Combinatorics is a branch of mathematics dealing with counting, arrangement, and combination. In our example, we solve the problem by determining how many ways we can choose a committee from a group. This involves counting and arranging different selections that can be made. It's like finding all possible variations of a set. Combinatorics uses specific formulas that help us calculate the number of possible ways events can occur.

For instance, when calculating how many committees of five can be picked from 14 people, we apply combinatorial principles.

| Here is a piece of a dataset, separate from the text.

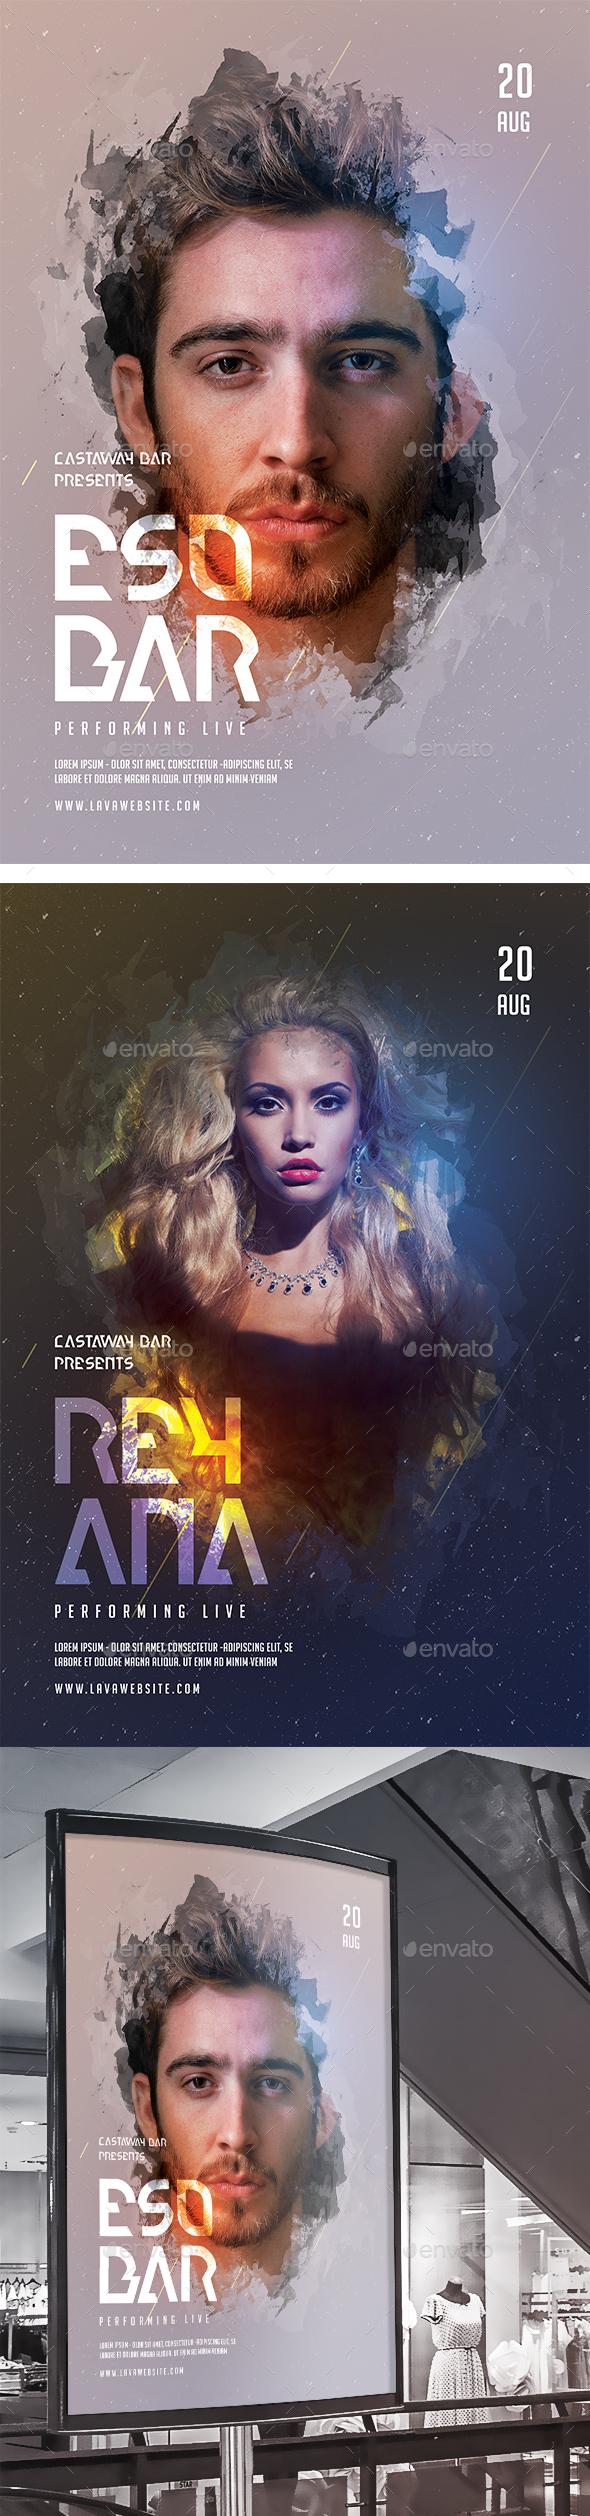 Artist Event Flyer/Poster - Concerts Events

The formula for combinations is denoted as \( \binom{n}{r} = \frac{n!}{r!(n-r)!} \). This formula helps find out how many ways there are to pick \( r \) items from \( n \) items without caring about the order.

• "\( \binom{n}{r} \)" denotes "n choose r" reflection, which specifies selection without replacement.
• "\( n! \)" or n factorial, multiplying all positive integers up to \( n \).

Combinatorics simplifies the decision-making by providing mathematical methods for tallying outcomes effectively.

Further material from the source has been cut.